One of the most loving, poignant, and downright entertaining memorial services ever held in Texas was surely this morning’s ceremony to remember the legendary Liz Carpenter, BJ ’42.

Hundreds converged on campus at the LBJ Auditorium to remember the Texas journalist, author, feminist, political player, and all-around funny woman — a peer and friend of icons like Ann Richards, Molly Ivins, Barbara Jordan, and Lady Bird Johnson.

Although her friend Bill Moyers missed a flight at the last minute, Bill and Hillary Clinton were among the eulogizers, appearing by video to speak of Carpenter’s humor and heart.  

“Liz Carpenter would charge hell with a bucket of cold water,” Hillary Clinton said. “I’m not sure if Washington fully qualified as hell for her, but for the better half of a century, she took the capital by storm.”

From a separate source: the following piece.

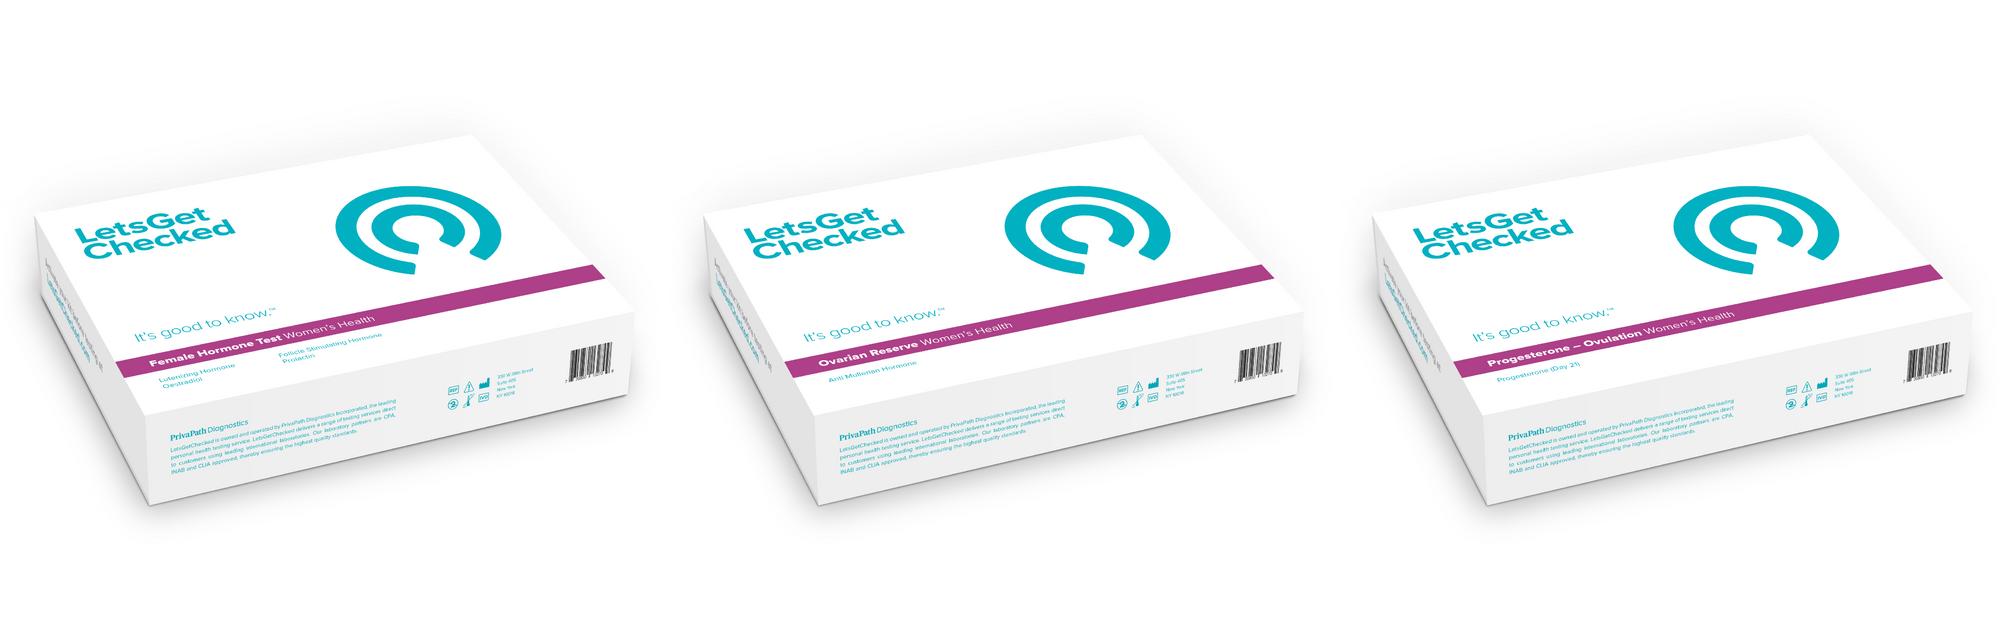 estrogen-letsgettchecked-female-fertility-test-options

Carpenter got her start as a newspaper reporter long before women had broken into the business. She became press secretary to Lady Bird Johnson when LBJ was in the White House. And for decades after, she endured as what she called a “political artifact,” writing books and bringing movers and shakers together for raucous dinner parties.

She died Saturday at age 89. It was fitting, friends said — Saturday was the first day of spring, and her code name in the White House had been Springtime. Like Lady Bird, she loved wildflowers, and this year is one of the great years for them in Texas.

Family and friends remembered her with stories both tender and downright hilarious. It was just the kind of service she’d written that she wanted in her book, Getting Better All the Time.

If all her friends had died, she wrote, “hold it in a phone booth.”

No worries there. “Liz would be so relieved that there are still so many Democrats in Texas!” her granddaughter Bonnie Bazzell exclaimed, looking out at the crowd.

Friends like former LBJ Library director Harry Middleton had everyone laughing as he told stories. “She told friends to come to Salado to scatter her ashes — but to keep their mouths closed,” he said.

She was scared to fly, as Middleton and others remembered, and in her widowed years, cleverly sought out the nicest-looking older gentleman boarding the plane to ask if she could onto him for support.

Once during a bumpy flight, Middleton said, she so gouged, squeezed, and pummeled the arm of the man next to her that afterward, the man said, “Lady, I don’t know who you are, and you don’t know who I am, but if we go much further than this, we’re going to have to get married.”

“All who were blessed with her friendship,” Middleton said, “will talk about her, think about her, and tell these stories over and over as long as we remain.”